As social beings, we coordinate our actions in conversations within closed systems that include other business units, vendors, universities, family, and friends in a continuously changing present. This statement challenges our traditional thoughts of the org chart network, isolated internally and externally, as the source of value creation. In his 1982 book, Out of the Crisis, W. Edwards Deming drew an alternative value-production system as a network of suppliers->producers->consumers. In my work, I have found that our networks are multidimensional; for example, in the HP example cited above, those in the social system generated business results but also social and biological well-being.

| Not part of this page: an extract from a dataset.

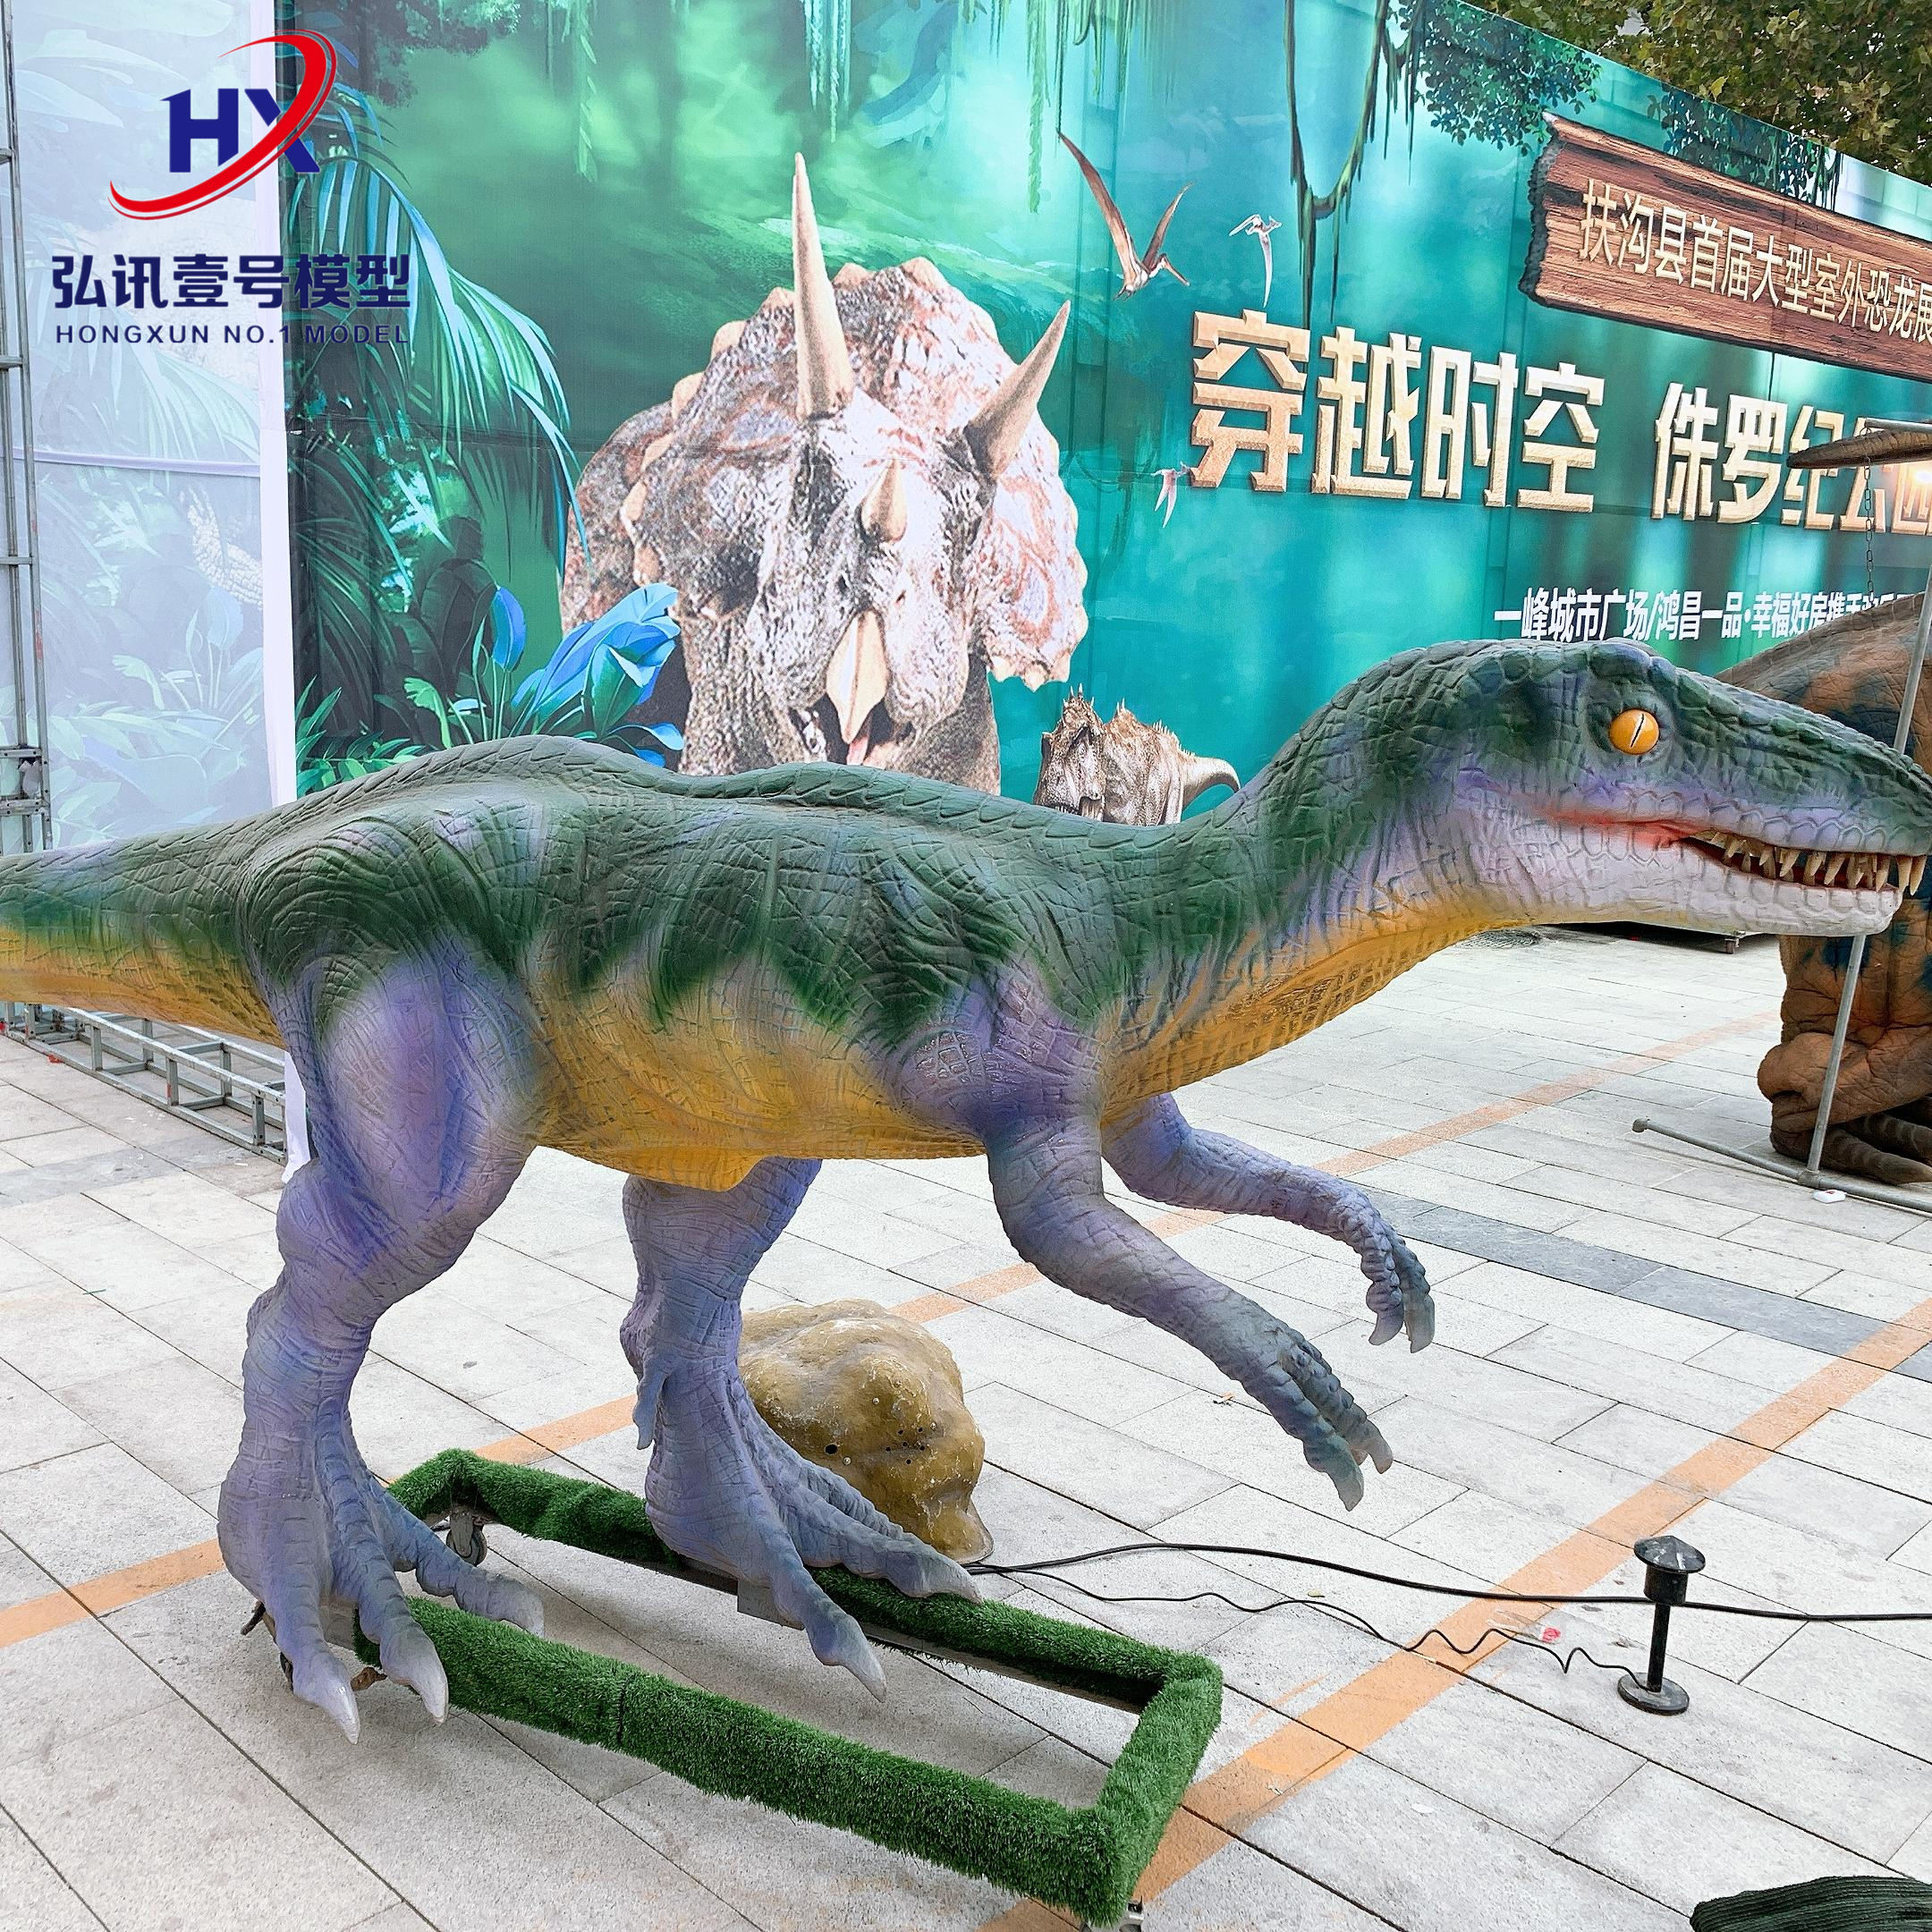 侏罗纪恐龙展览大型仿真恐龙模型景区公园动物模型租赁出租图片

The illustration at the bottom of page 5 shows the social system of people supporting a man with disabilities who grew up in a state institution. By providing this man with the support he needed to have a job, the network brought his productivity to 100 percent with perfect quality. In doing so, they improved his wages from $0 at the state institution to more than $1,500/month plus benefits, enabling him to leave welfare and public assistance. This shift allowed the man to move from the institution, which cost tax-payers $80,000/year, to his own community, where he became a taxpayer and owned his own condominium. His case is a prime example of how to leverage living, multidimensional, collaborative systems and, in the process, create value and well-being.

Systems Laws

The work of the Matriztic Institute goes a step further to describe systemic laws that can expand our understanding and application of social systems thinking.

Structural Determination

Imagine going to the stadium to watch your favorite sports team, or perhaps you are at a concert hall getting ready to listen to a symphony. You anticipate an extraordinary performance and then learn that an exemplary player has been replaced. Your immediate response may be incredulity. You may think, “How could they perform without this person?” If you do not find an adequate explanation for your question or if you aren’t satisfied with the substitute, you may become disappointed and critical.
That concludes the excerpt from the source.